Syndrome of subjective doubles
The syndrome of subjective doubles is a rare delusional misidentification syndrome in which a person experiences the delusion that he or she has a double or Doppelgänger with the same appearance, but usually with different character traits, that is leading a life of its own. The syndrome is also called the syndrome of doubles of the self, delusion of subjective doubles, or simply subjective doubles. Sometimes, the patient is under the impression that there is more than one double. A double may be projected onto any person, from a stranger to a family member.
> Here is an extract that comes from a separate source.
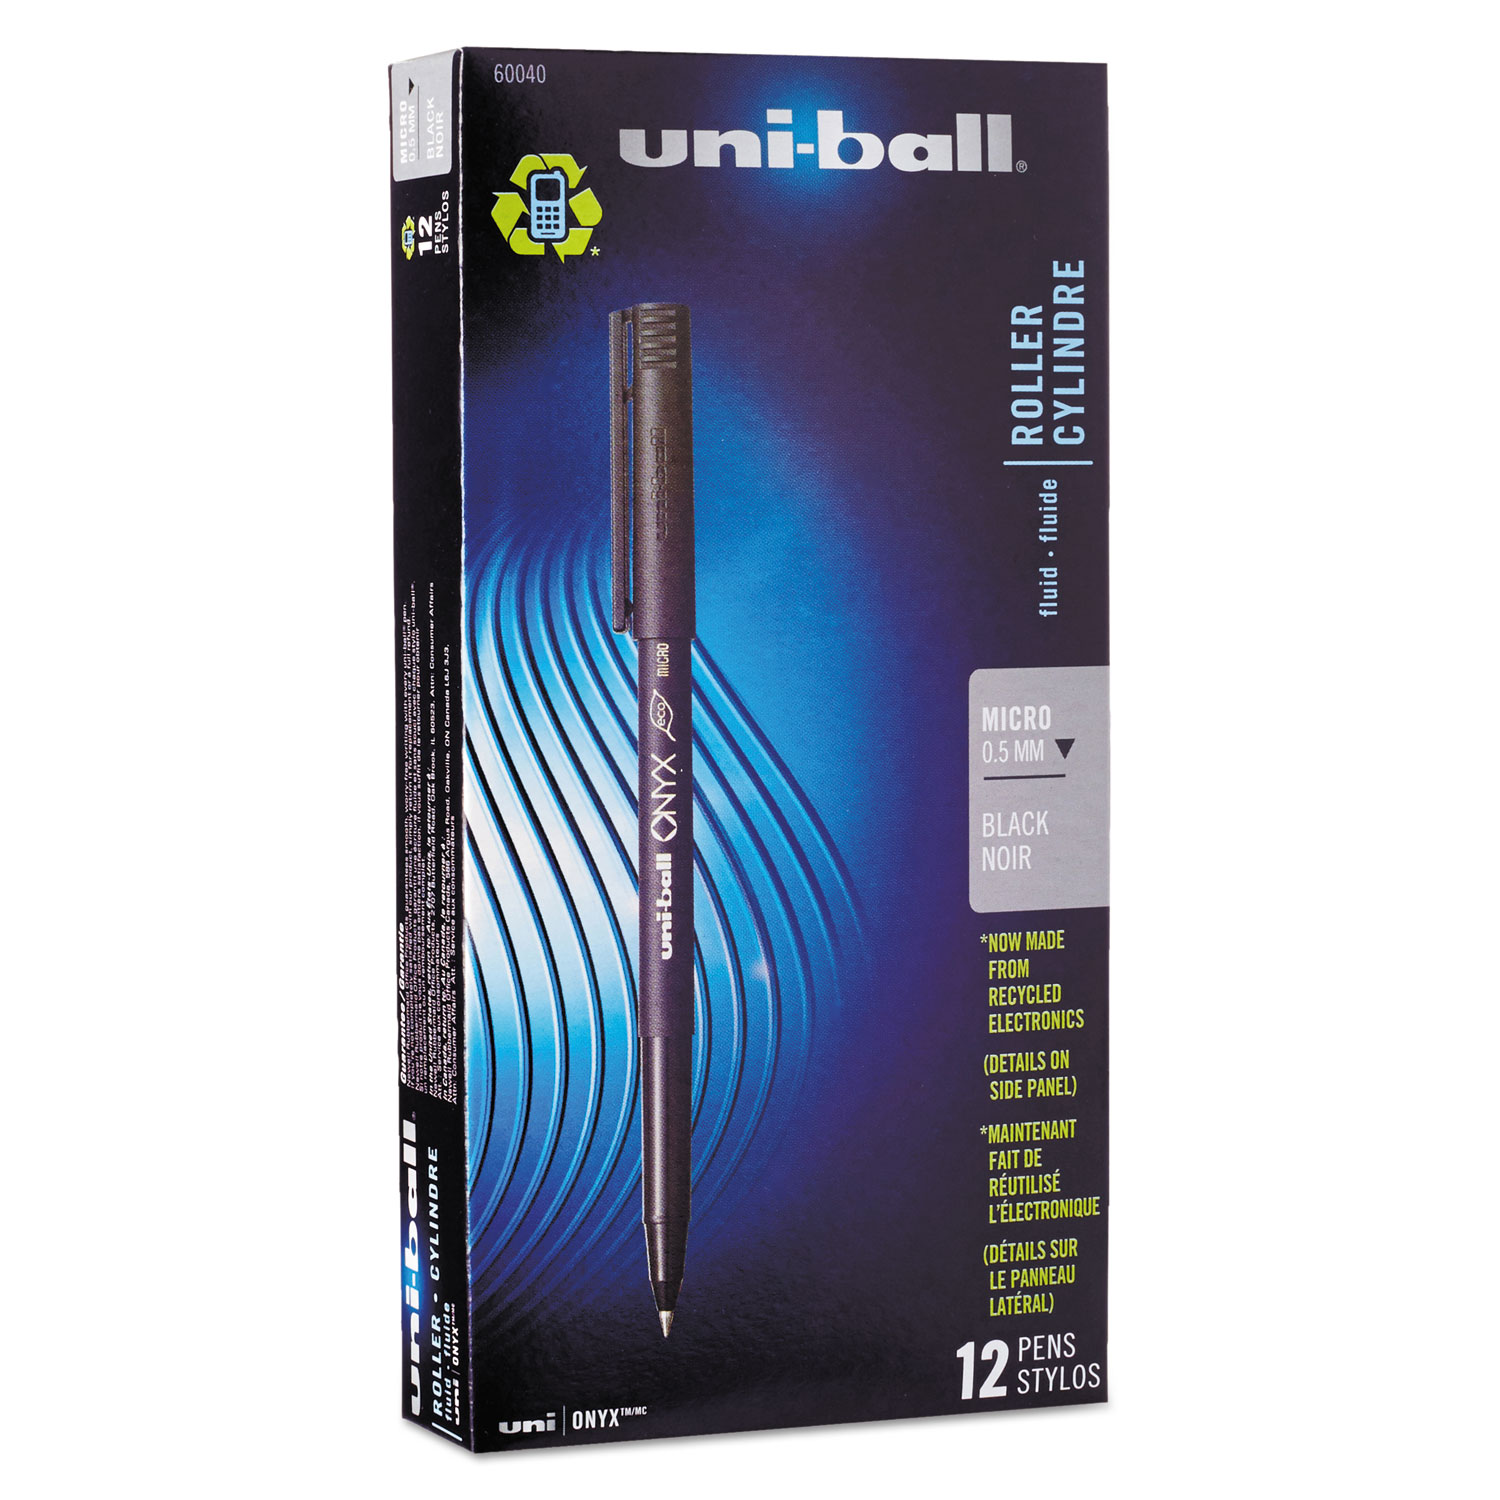  uni-ball 60040 ONYX Stick Roller Ball Pen, Micro 0.5mm, Black Ink, Black Matte Barrel, Dozen (UBC60040) 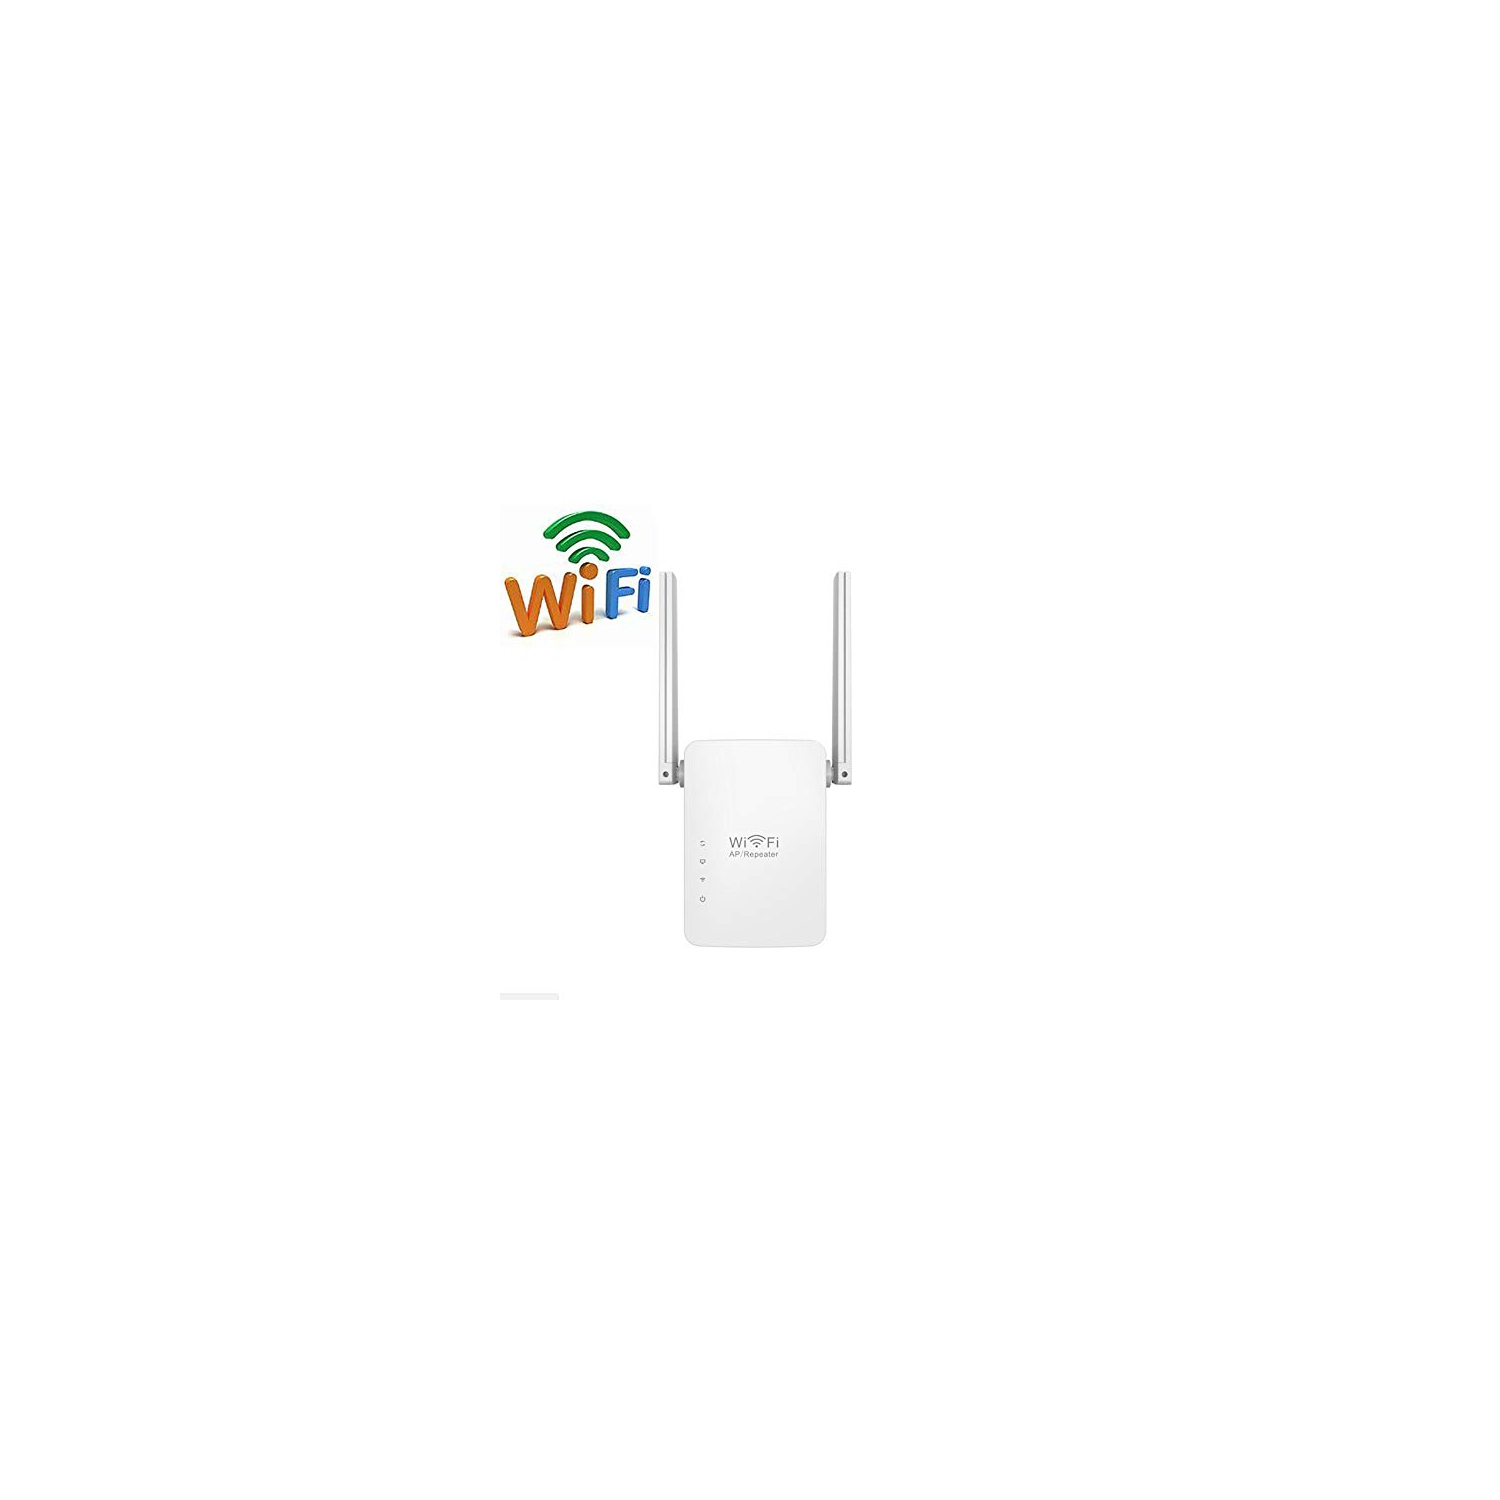 WiFi Extender WiFi Repeater Wireless Signal Booster WiFi Range Extender 300Mbps 2.4GHz Signal Internet Extender

This syndrome is often diagnosed during or after the onset of another mental disorder, such as schizophrenia or other disorders involving psychotic hallucinations. There is no widely accepted method of treatment, as most patients require an individualized therapy. The prevalence of this disease is relatively low, as few cases have been reported since the disease was defined in 1978 by George Christodoulou. However, subjective doubles is not clearly defined in literature, and therefore, may be under-reported.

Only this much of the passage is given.